Not only that, but there at least some people (to wit, myself) who believe
there are positive reasons to believe that the current 
strategies *will* not scale up.

ED PORTER>>>>  I don't know if you read the Shastri paper I linked to or
not, but it shows we do know how to do many of the types of implication
which are used in NL.  What he shows needs some extensions, so it is more
generalized, but it and other known inference schemes explain a lot of how
text understanding could be done.  

With regard to the scaling issue, it is a real issue.  But there are
multiple reasons to believe the scaling problems can be overcome.  Not
proofs, Richard, so you are entitled to your doubts.  But open your mind to
the possibilities they present.  They include:

-1---------the likely availability of roughly brain level representational,
computational, and interconnect capacities within the several hundred
thousand to 1 million dollar range in seven to ten years.

-2---------the fact that human experience and representation does not
explode combinatorially.  Instead it is quite finite.  It fits insides our
heads.  

Thus, although you are dealing with extremely high dimensional spaces, most
of that space is empty.  There are know ways to deal with extremely high
dimensional spaces while avoiding the exponential explosion made possible by
such high dimensionality.  

Take the well know Growing Neural Gas (GNG) algorithm.  It automatically
creates a relative compact representation of a possibly infinite dimensional
space, by allocated nodes to only those parts of the high dimensional space
where there is stuff, or, if resource are more limited, where the most stuff
is.

Or take indexing, it takes one only to places in the hyperspace where
something actually occurred or was thought about.  One can have
probabilitistically selected hierarchical indexing (something like John Rose
suggested) which make indexing much more efficient.

-3---------experiential computers focus most learning, most models, and most
search on things that actually have happened in the past or on things that
in many ways are similar to what has happened in the past.  This tends to
greatly reduce representational and search spaces.

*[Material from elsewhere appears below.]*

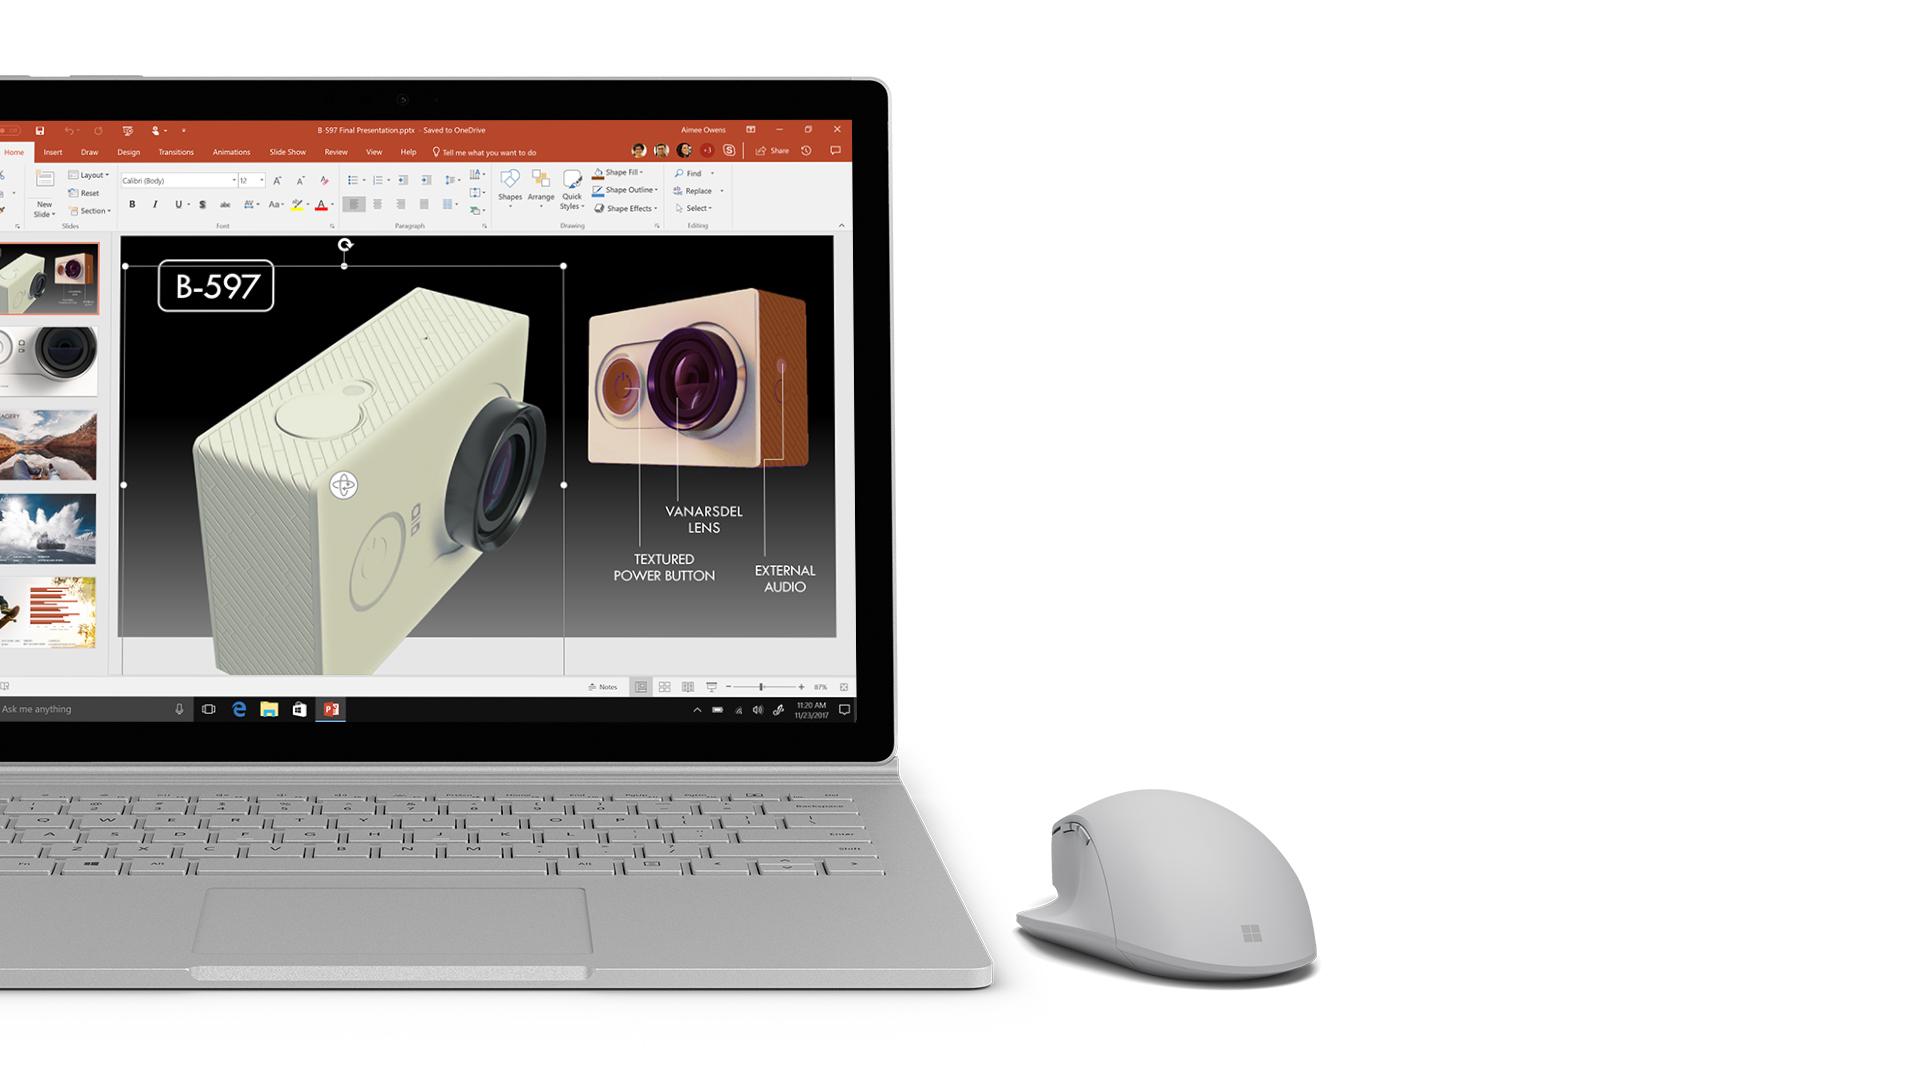 لقطة شاشة من تطبيق PowerPoint على جهاز Surface.

When such a system synthesizes or perceives new patterns that have never
happened before the system will normally have to explore large search
spaces, but because of the capacity of brain level hardware it will have
considerable capability to do so.  The type of hardware that will be
available for human-level agi in the next decade will probably have
sustainable cross sectional bandwidths of 10G to 1T messages/sec with 64Byte
payloads/msg.  With branching tree activations and the fact that many
messages will be regional, the total amount of messaging could well be 100G
to 100T such msg/sec.

Lets assume our hardware has 10T msg/sec and that we want to read 10 words a
second.  That would allow 1T msg/word.  With a dumb spreading activation
rule that would allow you to: active the 30K most probably implications; and
for each of them the 3K most probable implications; and for each of them the
300 most probable implications; and for each of them the 30 most probable
implications.  As dumb as this method of inferencing would be, it actually
would make a high percent of the appropriate multi-step inferences,
particularly when you consider that the probability of activation at the
successive stages would be guided by probabilities from other activations in
the current context.

Of course there are much more intelligent ways to guide activation that
this.

Also it is important to understand that at every level in many of the
searches or explorations in such a system there will be guidance and
limitations provided by similar models from past experience, greatly
reducing the amount of or the number of explorations that are required to
produce reasonable results.

-4---------Michael Collins a few years ago had was many AI researches
considered to be the best grammatical parser, which used the kernel trick to
effectively match parse trees in, I think it was, 500K dimensions.  By use
of the Kernel trick the actual computation usually was performed in a small
subset of these dimensions and the parser was relatively efficient. 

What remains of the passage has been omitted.